_YOUR TASK_:
Beginning with the first line below, please repeat the material exactly, ending with the line that includes "Gatorade Water As".

_RECORDS PROVIDED_:
----------
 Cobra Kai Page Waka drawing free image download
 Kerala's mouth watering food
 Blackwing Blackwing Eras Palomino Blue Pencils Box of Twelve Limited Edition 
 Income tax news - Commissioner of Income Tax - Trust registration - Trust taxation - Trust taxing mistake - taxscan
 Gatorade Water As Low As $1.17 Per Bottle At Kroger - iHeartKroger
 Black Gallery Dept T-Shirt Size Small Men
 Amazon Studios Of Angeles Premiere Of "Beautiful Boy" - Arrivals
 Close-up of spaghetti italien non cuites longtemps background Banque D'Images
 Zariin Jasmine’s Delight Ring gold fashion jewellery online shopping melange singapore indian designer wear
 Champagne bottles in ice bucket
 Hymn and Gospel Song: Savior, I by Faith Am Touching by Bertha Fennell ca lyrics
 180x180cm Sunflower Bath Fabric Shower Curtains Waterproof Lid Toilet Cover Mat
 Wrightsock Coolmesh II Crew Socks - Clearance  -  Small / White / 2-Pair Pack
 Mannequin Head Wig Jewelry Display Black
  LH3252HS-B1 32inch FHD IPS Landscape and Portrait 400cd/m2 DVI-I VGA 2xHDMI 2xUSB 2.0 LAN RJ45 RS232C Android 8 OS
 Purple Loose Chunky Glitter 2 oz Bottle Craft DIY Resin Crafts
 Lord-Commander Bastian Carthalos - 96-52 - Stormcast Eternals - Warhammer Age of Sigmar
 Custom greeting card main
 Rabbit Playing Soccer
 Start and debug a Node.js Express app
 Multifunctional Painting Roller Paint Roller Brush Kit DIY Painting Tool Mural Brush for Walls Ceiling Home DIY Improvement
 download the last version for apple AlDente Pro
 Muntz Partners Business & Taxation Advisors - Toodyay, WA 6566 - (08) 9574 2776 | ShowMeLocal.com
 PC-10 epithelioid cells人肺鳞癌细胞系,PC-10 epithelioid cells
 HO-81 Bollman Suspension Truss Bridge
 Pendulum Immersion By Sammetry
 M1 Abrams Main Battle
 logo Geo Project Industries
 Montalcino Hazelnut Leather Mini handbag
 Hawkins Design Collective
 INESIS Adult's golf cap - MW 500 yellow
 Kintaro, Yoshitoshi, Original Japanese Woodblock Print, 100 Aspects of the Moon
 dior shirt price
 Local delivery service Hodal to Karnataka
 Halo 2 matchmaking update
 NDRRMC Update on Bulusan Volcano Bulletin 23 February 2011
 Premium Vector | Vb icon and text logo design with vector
----------
_SOLVED EXERCISE_:
 Cobra Kai Page Waka drawing free image download
 Kerala's mouth watering food
 Blackwing Blackwing Eras Palomino Blue Pencils Box of Twelve Limited Edition 
 Income tax news - Commissioner of Income Tax - Trust registration - Trust taxation - Trust taxing mistake - taxscan
 Gatorade Water As Low As $1.17 Per Bottle At Kroger - iHeartKroger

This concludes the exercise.